_Data section:_
-- Opening Marker --

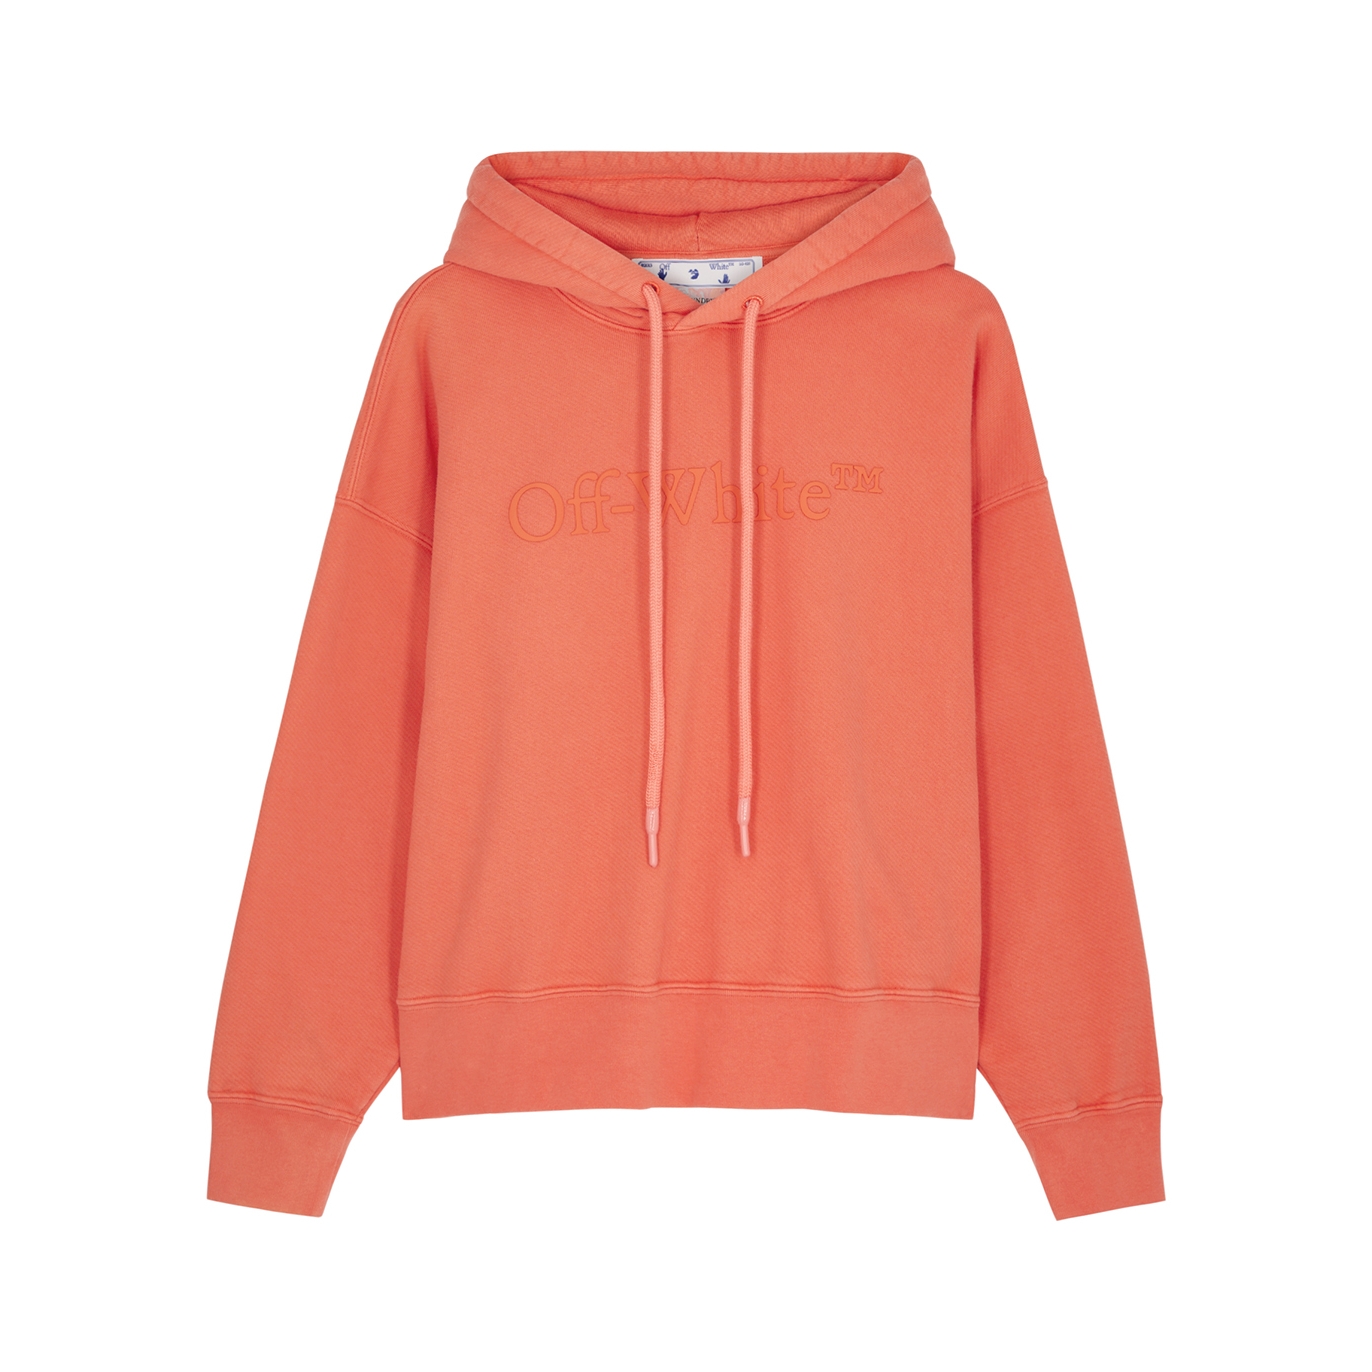 Off-White Laundry Logo Hooded Cotton Sweatshirt - Coral - XL
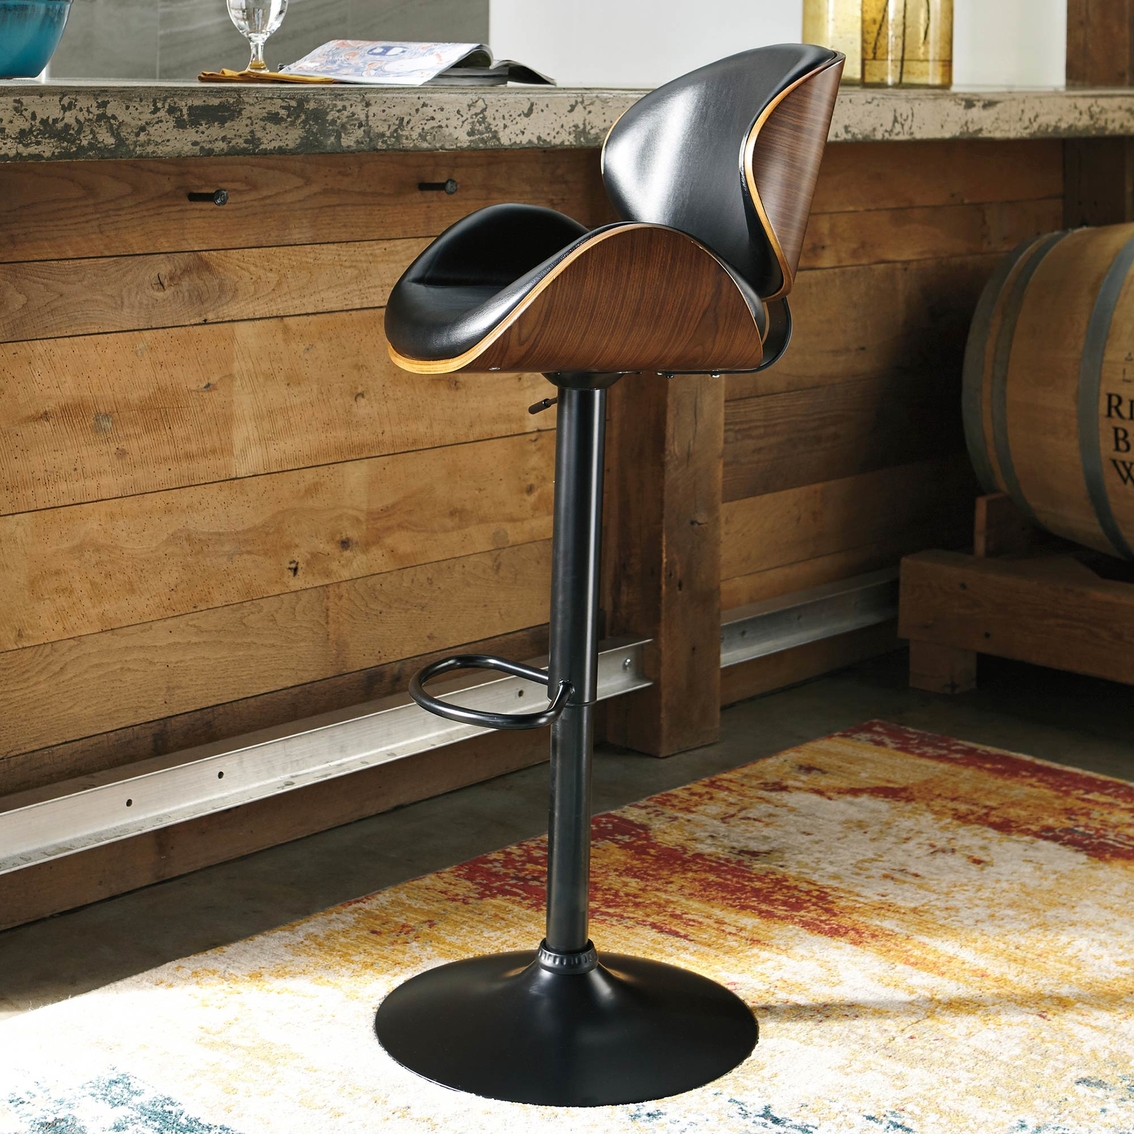 Signature Design by Ashley Adjustable Height Swivel Bar Stool with Scoop Seat - Image 3 of 4
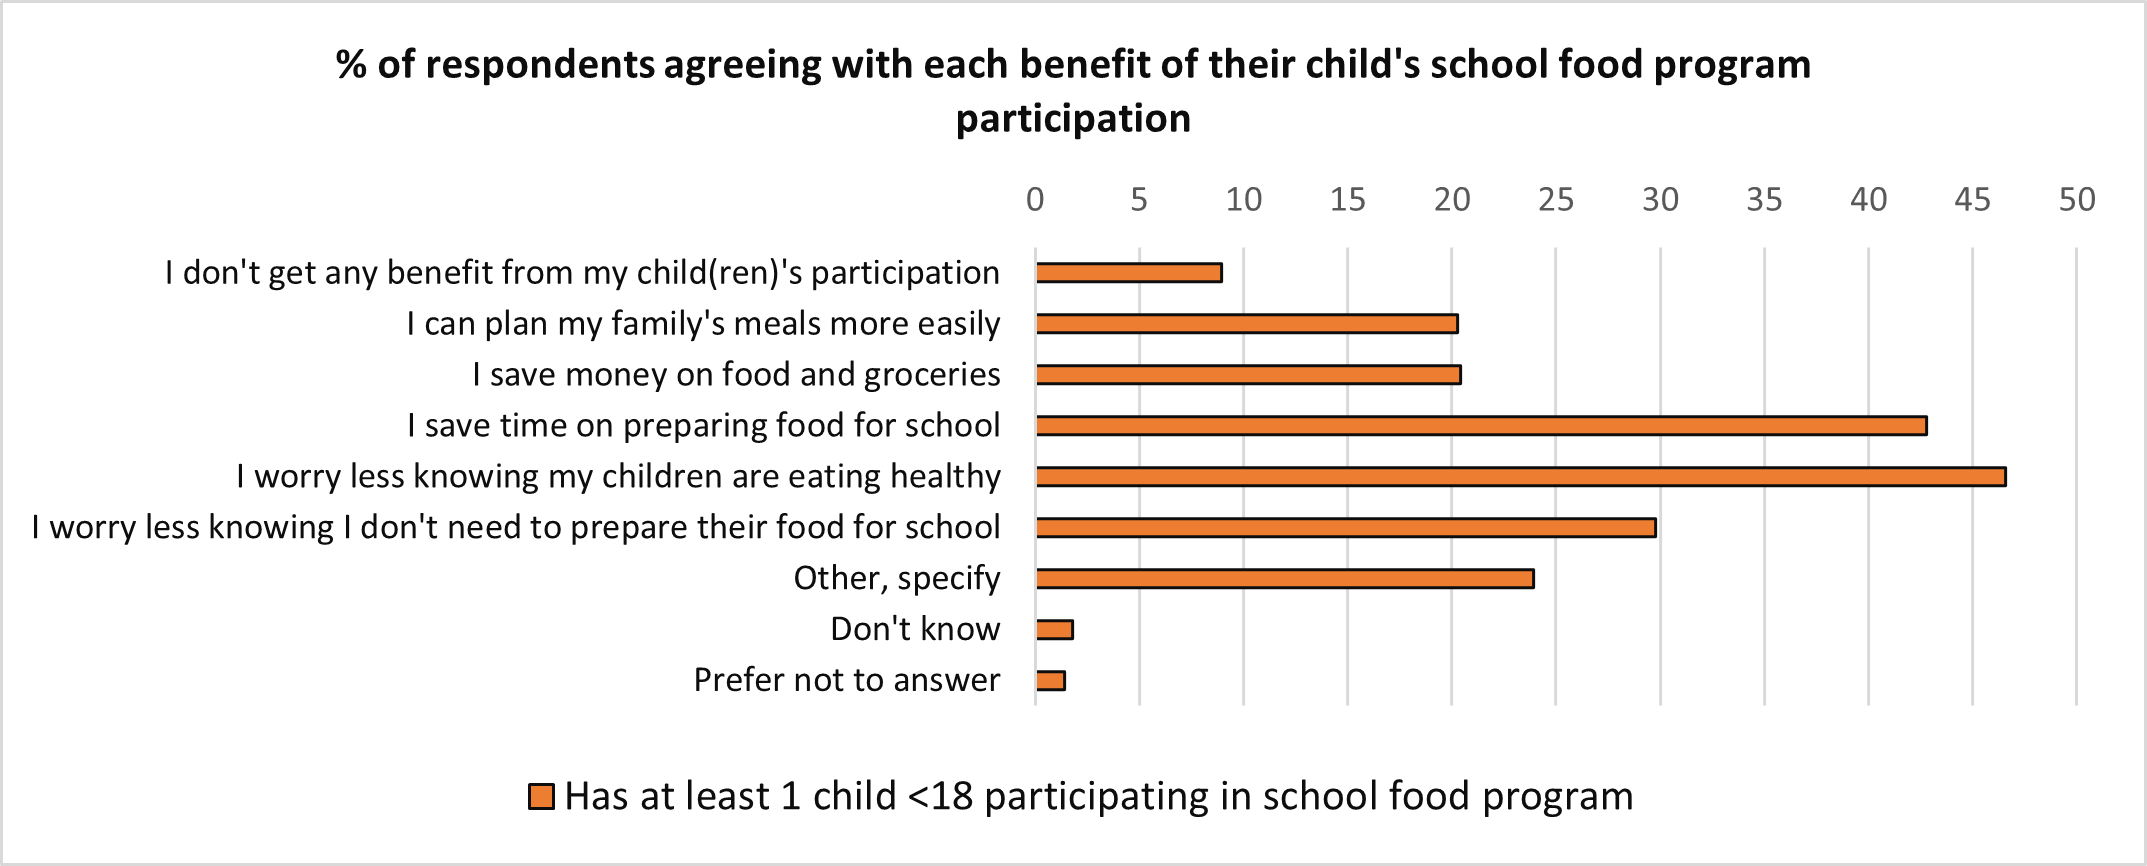 A bar chart of the percent of respondents agreeing with each benefit of their child’s school food program participation. Text version below.

-- Closing Marker --

_Task brief:_ Write each line exactly as it appears, from the line that holds "Signature Design by" through the closing line of the data above, and leave every picture out.

_Result of this task:_
 Signature Design by Ashley Adjustable Height Swivel Bar Stool with Scoop Seat - Image 3 of 4
 A bar chart of the percent of respondents agreeing with each benefit of their child’s school food program participation. Text version below.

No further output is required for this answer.